Spain’s digital transformation minister, Óscar López, said on Wednesday that Madrid would press ahead with a slate of rules targeting social media platforms and high-risk artificial intelligence systems, despite what he described as intensifying lobbying from American technology companies.
“The profit of four tech companies cannot come at the expense of the rights of millions,” López told reporters, citing pressure from “powerful voices” against proposals that would constrain high-risk AI and force platforms to disclose how their recommendation algorithms work.
The push has been gathering for months. In February, Prime Minister Pedro Sánchez announced from the World Government Summit in Dubai that Spain would ban social media for users under 16, an amendment now winding through parliament as part of an existing digital child-protection bill.
Sánchez also pledged to criminalise the manipulation of algorithms to amplify illegal content and to hold executives personally liable for failures to remove it.
Separately, Spain has approved draft legislation curbing AI deepfakes, setting 16 as the age of consent for image use and banning unauthorised AI-generated likenesses in advertising.
In February, prosecutors opened a probe into major platforms over AI-generated child sexual abuse material distributed on their services, Al Jazeera reported.
The regulatory programme sits inside a wider European arc. EU lawmakers struck a political deal in March on amendments to the bloc’s AI Act, including a prohibition on non-consensual intimate deepfakes and a delay of the high-risk system deadline to December 2027.
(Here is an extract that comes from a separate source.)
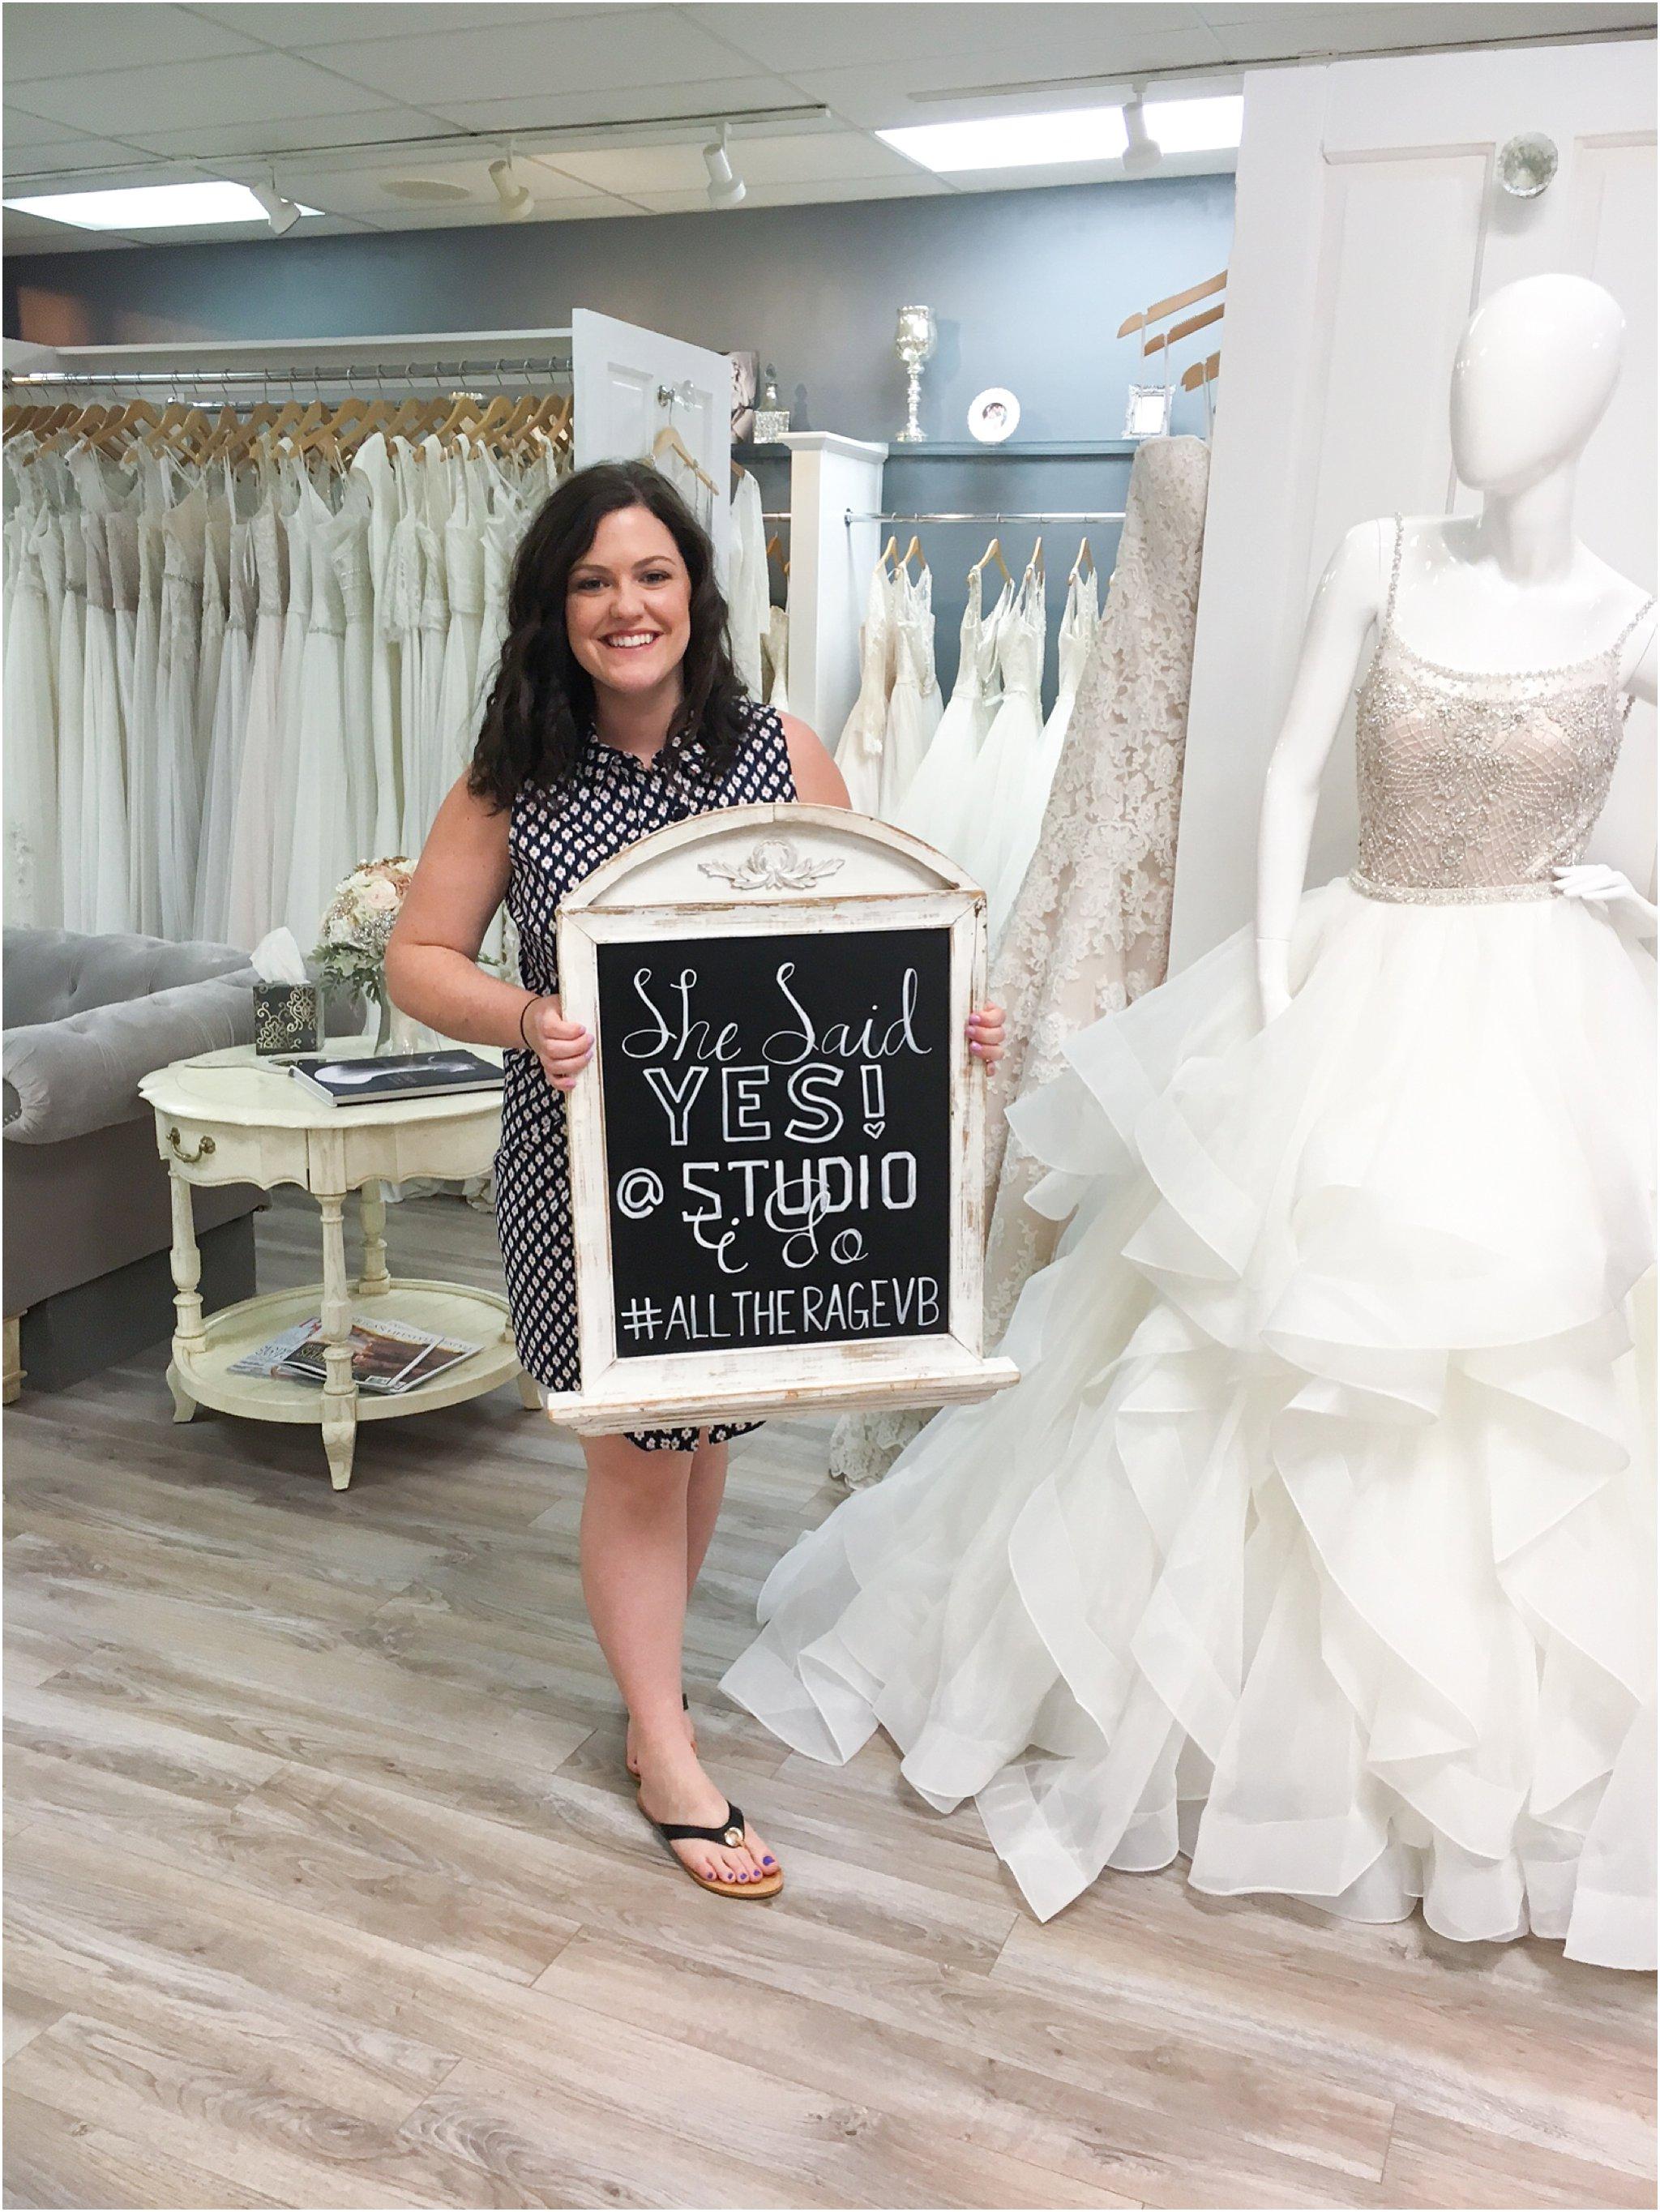 studio i do wedding dress she said yes to the dress sign

Madrid has positioned itself as one of the bloc’s more forward-leaning capitals on enforcement, in part by building out the El Escorial data centre as a sovereign-cloud and AI platform announced by López earlier this year.
Industry opposition has been substantial. López did not name the companies he had in mind, but US filings show 11 American technology companies spent roughly $20 million on federal lobbying in the first three months of 2026, averaging $226,000 a day, according to figures reported by industry trackers.
The Spanish minister suggested the same pressure had reached Madrid, where it has so far failed to slow the legislative timetable.
Not all of Spain’s moves have landed cleanly. The under-16 proposal drew a personal attack from Elon Musk, who called Sánchez a “fascist totalitarian” on X in February, and child-rights groups have criticised parts of the package as more performative than enforceable.
Verification systems strong enough to meet López’s stated standard, of “real barriers, not just checkboxes,” remain technically and legally contested across Europe.
What is no longer contested is the direction of travel. Australia, France, Denmark and now Spain have legislated or announced age-gated access to social platforms within roughly a year of each other, and Sánchez has been pushing for an EU-wide adoption through what he calls a “coalition of the digitally willing.”
The Spanish package, if it clears parliament intact, will be one of the more aggressive national tests of whether such rules can survive both lobbying and legal challenge.
The under-16 amendment is expected to face its next parliamentary vote in the coming weeks.